What consistent counsel! How very much like what my own parents drove home with their incessant mantra about how children should not “talk back” when scolded or disciplined.

So, our amazing and supposedly all-powerful God is just as insecure as my human mother and father, who in their surpassing maturity could not endure a child’s expressions of helpless grief and rage.

I want to forget them all.

To hell with parents and lovers and deities that need a person to be “just so” in order to merit their affection and approval – which they never give 100% anyway.

To hell with wagging one's tail in order to placate another person's misplaced fury, and betraying oneself over and over and over in the process.

To hell with carrying the burden of not being good enough, strong enough, smart enough, together enough . . .  anything enough.

To hell with being held responsible for how someone else is feeling, as though whatever is wrong in that person's life is my fault.

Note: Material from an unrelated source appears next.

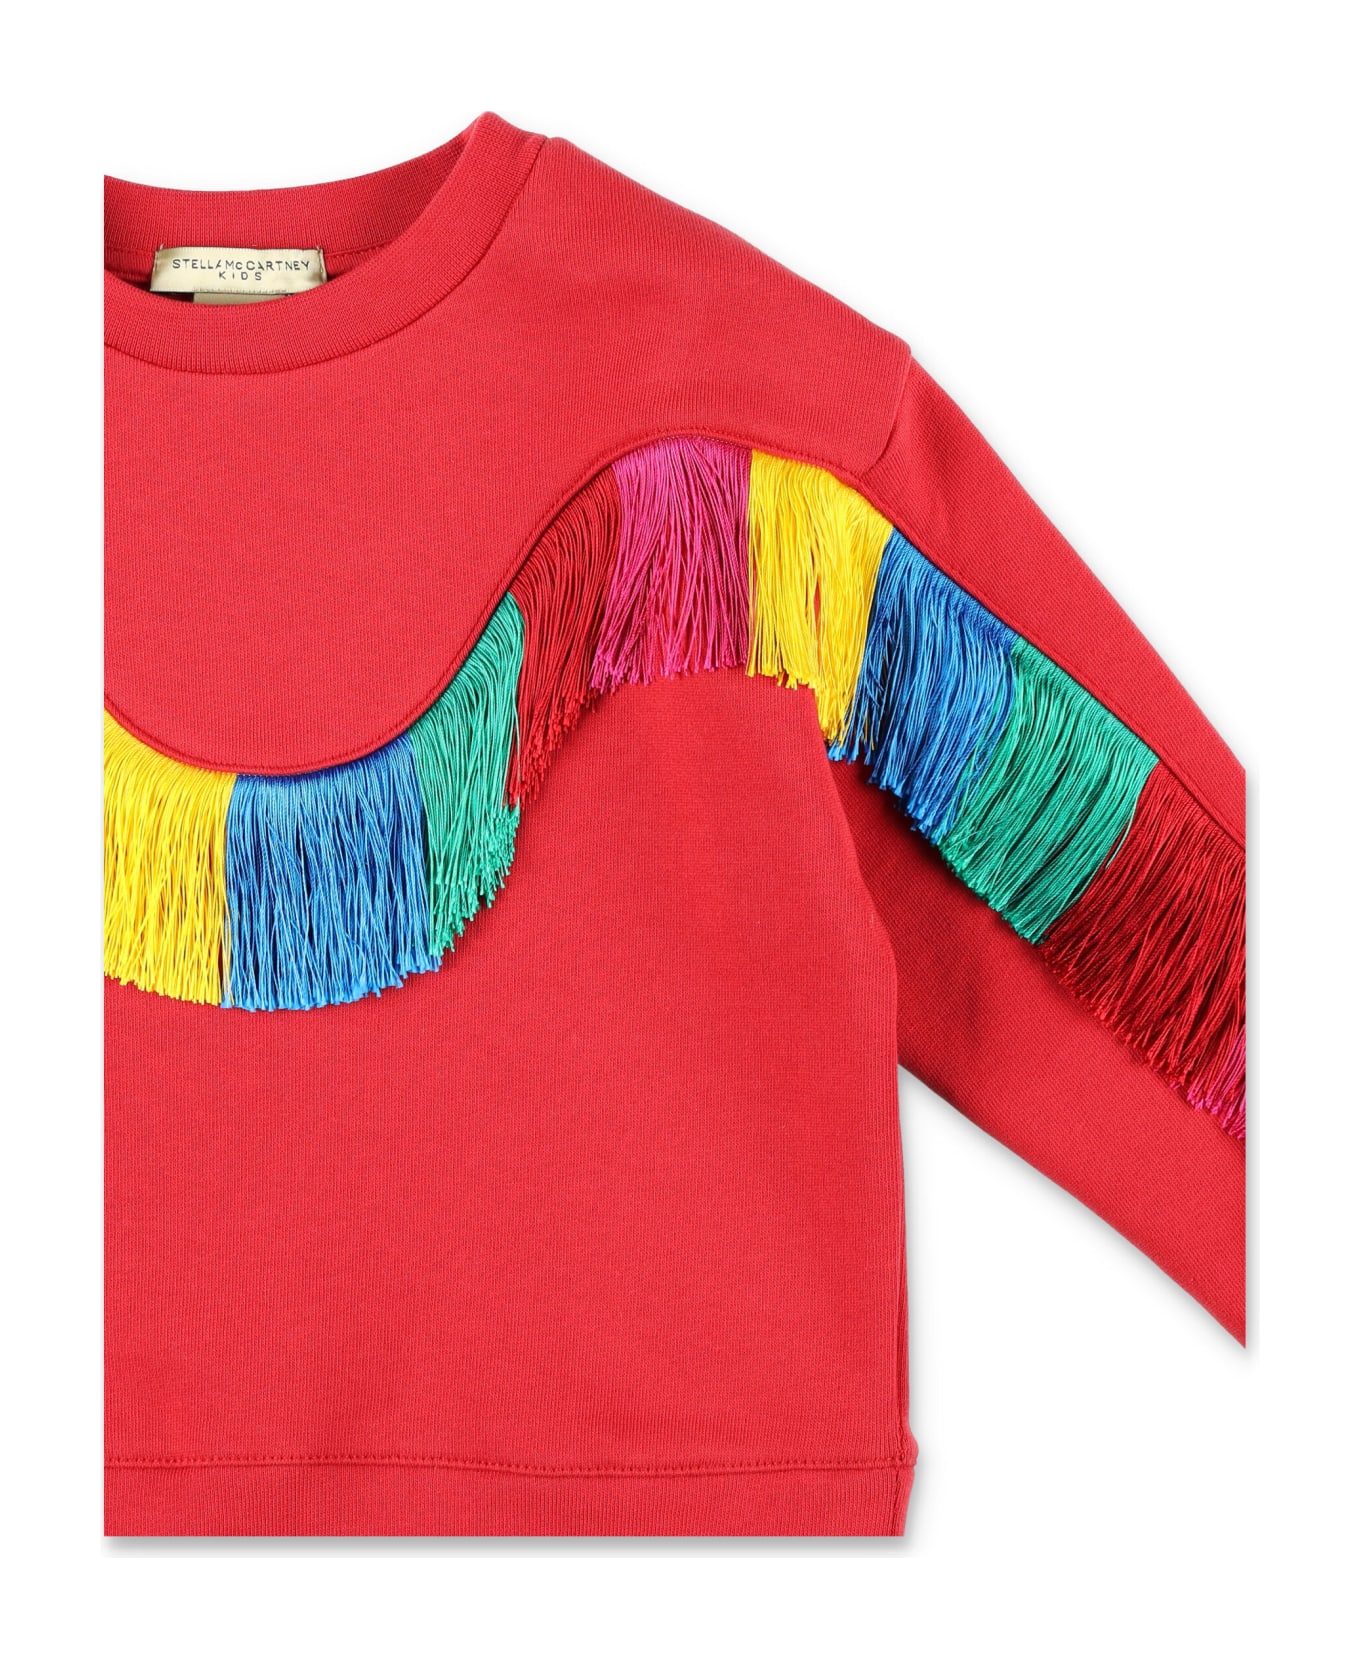 Stella McCartney Kids Rainbow Fringed Sweatshirt - RED
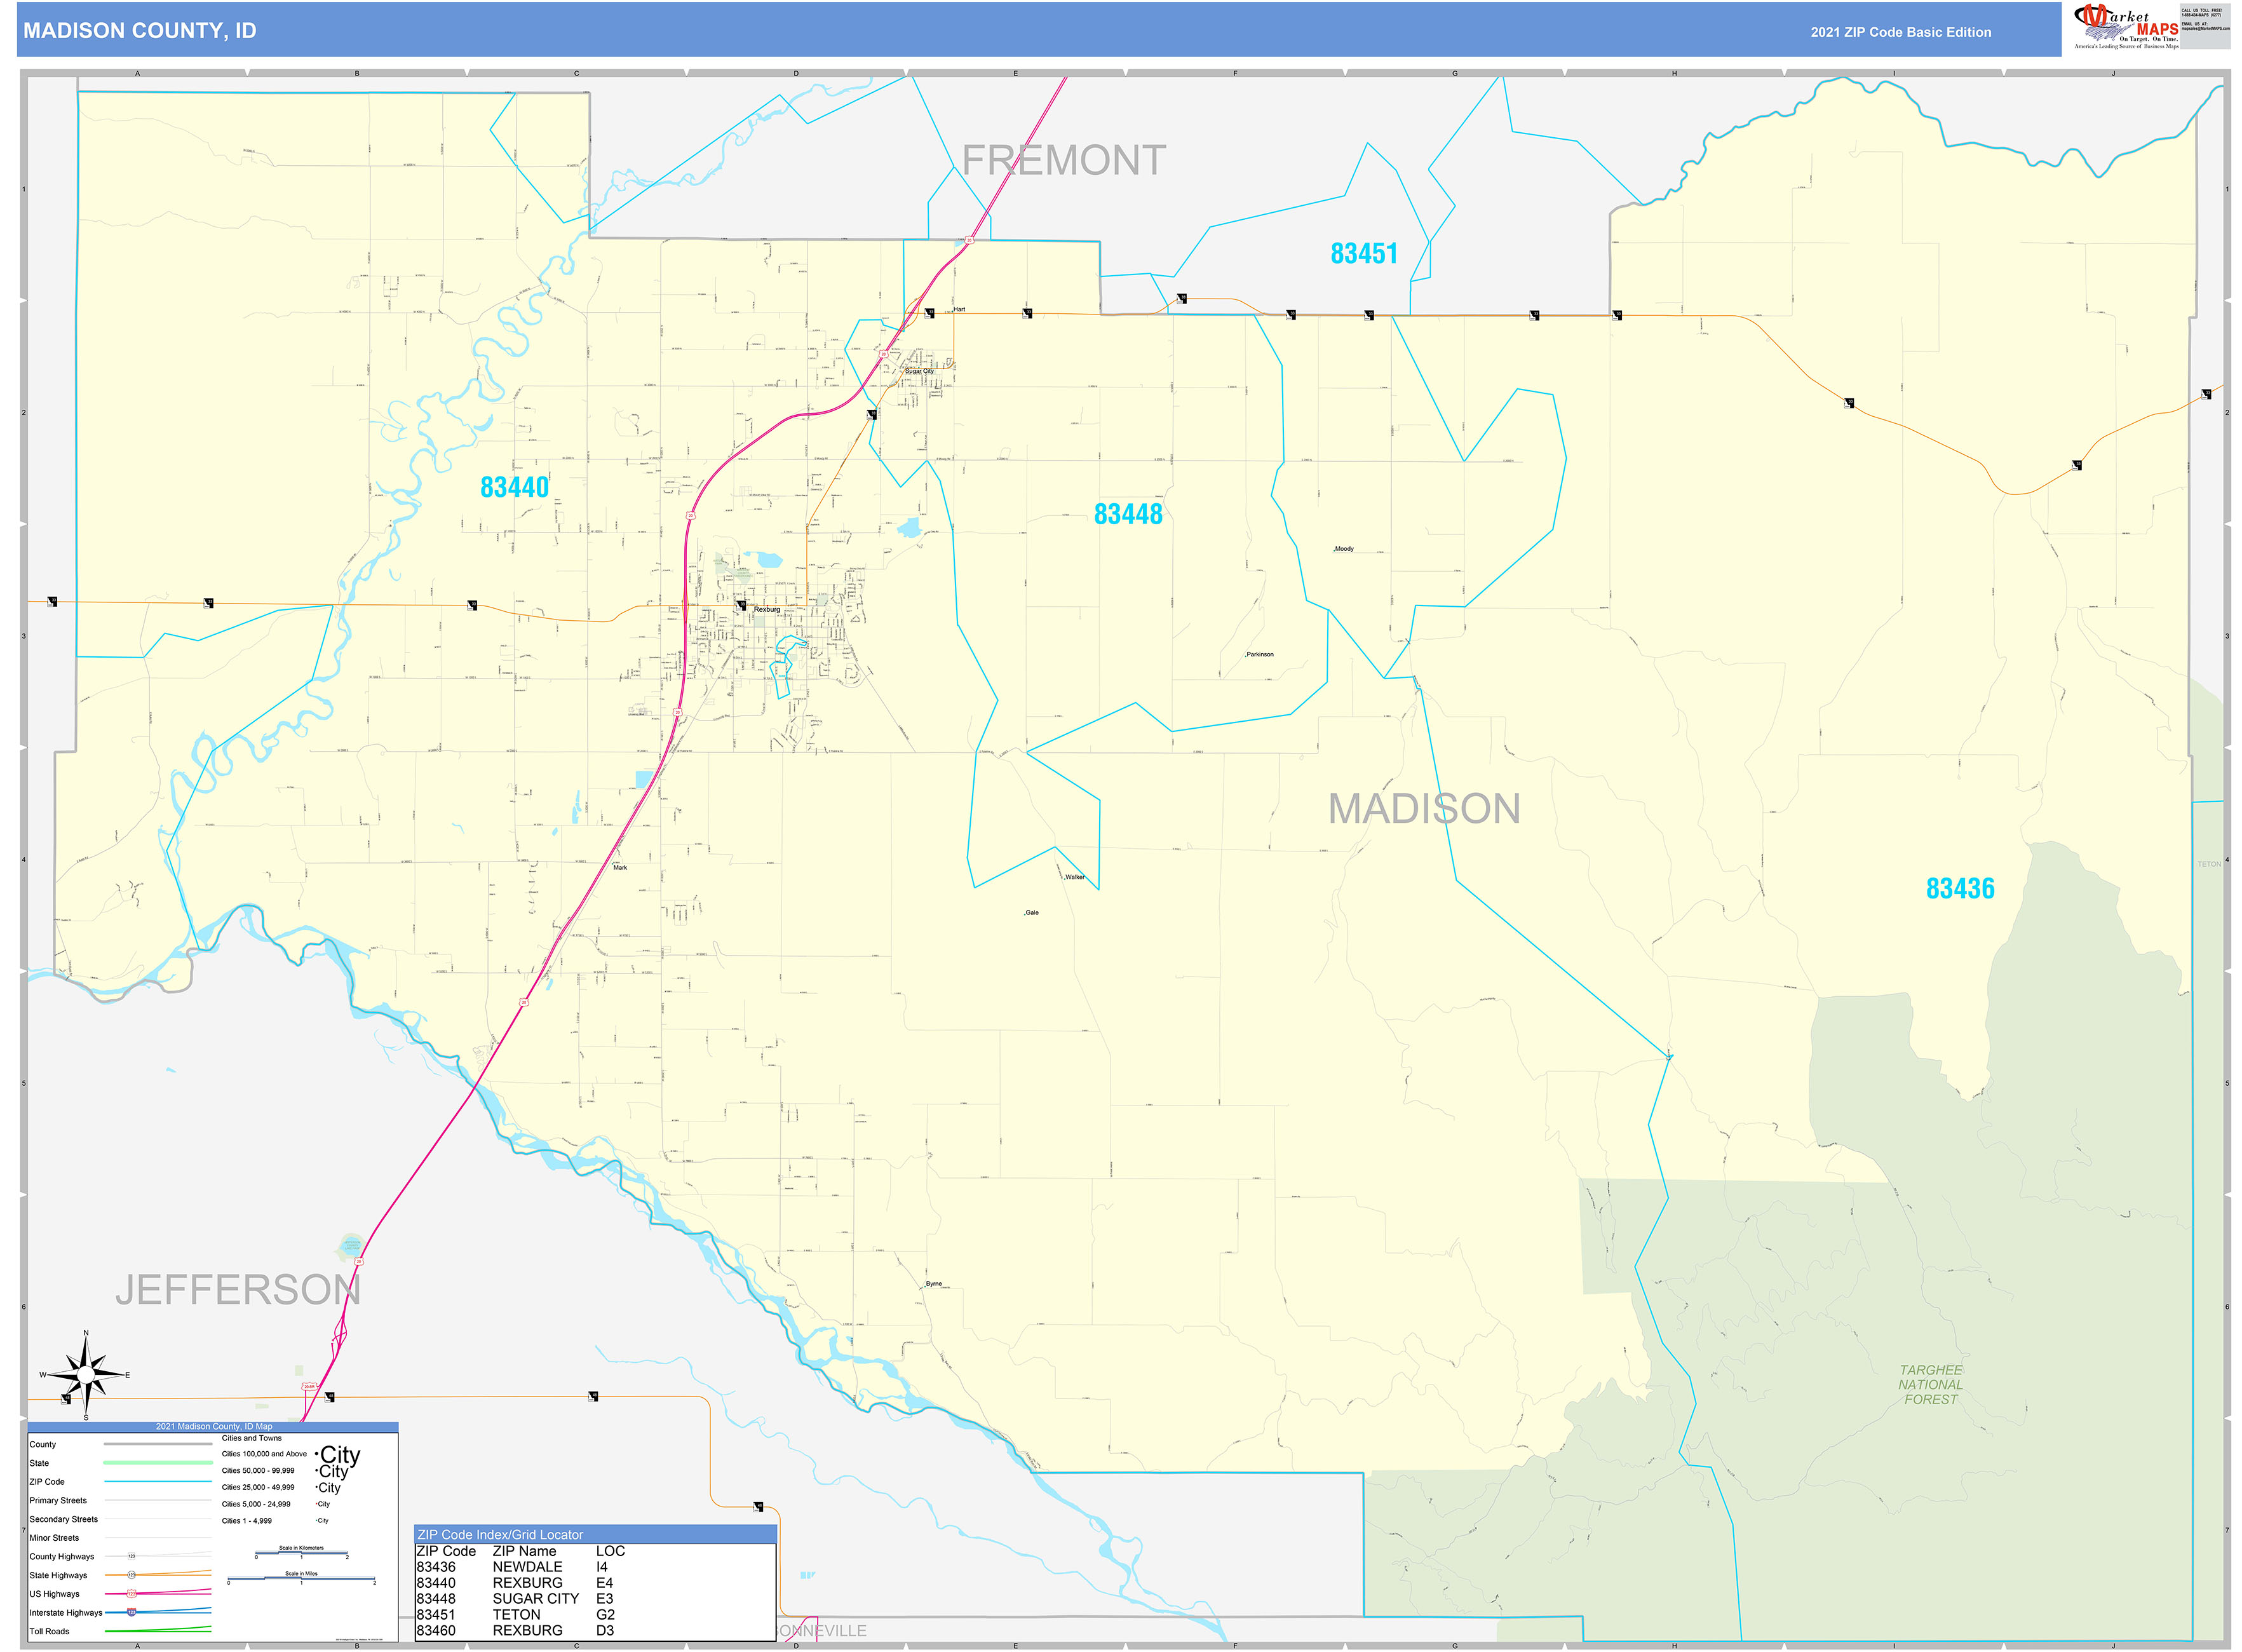 Madison County, ID Zip Code Wall Map Basic Style by MarketMAPS

Let the dead bury their own dead.

2 comments:

  1. Wow how cool that last scripture came to me three days in row this week. Thanks for all you share, this came to me yeterday, I love it...The word for "law" in Aramaic points by it's roots to anything of beauty that helps relieve or take away that which deprives a human being of strength. Mathew 5:18 can be translated from the Aramaic as:

    Let your delight flow through us,
    in wave and particle.

    Let your pleasure manifest in us,
    in light and form.

    Let your desire act through us
    as communal and individual purpose.

    God 'Delights' in, with and through us. :)

    ReplyDelete
  2. What helps me when I'm feeling the way you seem to be feeling as expressed in this post (all courtesy of Michael Brown):

    1) Unconditionally give to myself that which I am seeking from others.

    2) Mirror exercise: a) Giving something to yourself (reflection gives back)
    b) Taking something from yourself (reflection takes away)

    Like MB says, there is nothing to get from this world.

    (But perhaps, a lot to give. Dee, you do give a lot, so please recognize that about yourself.)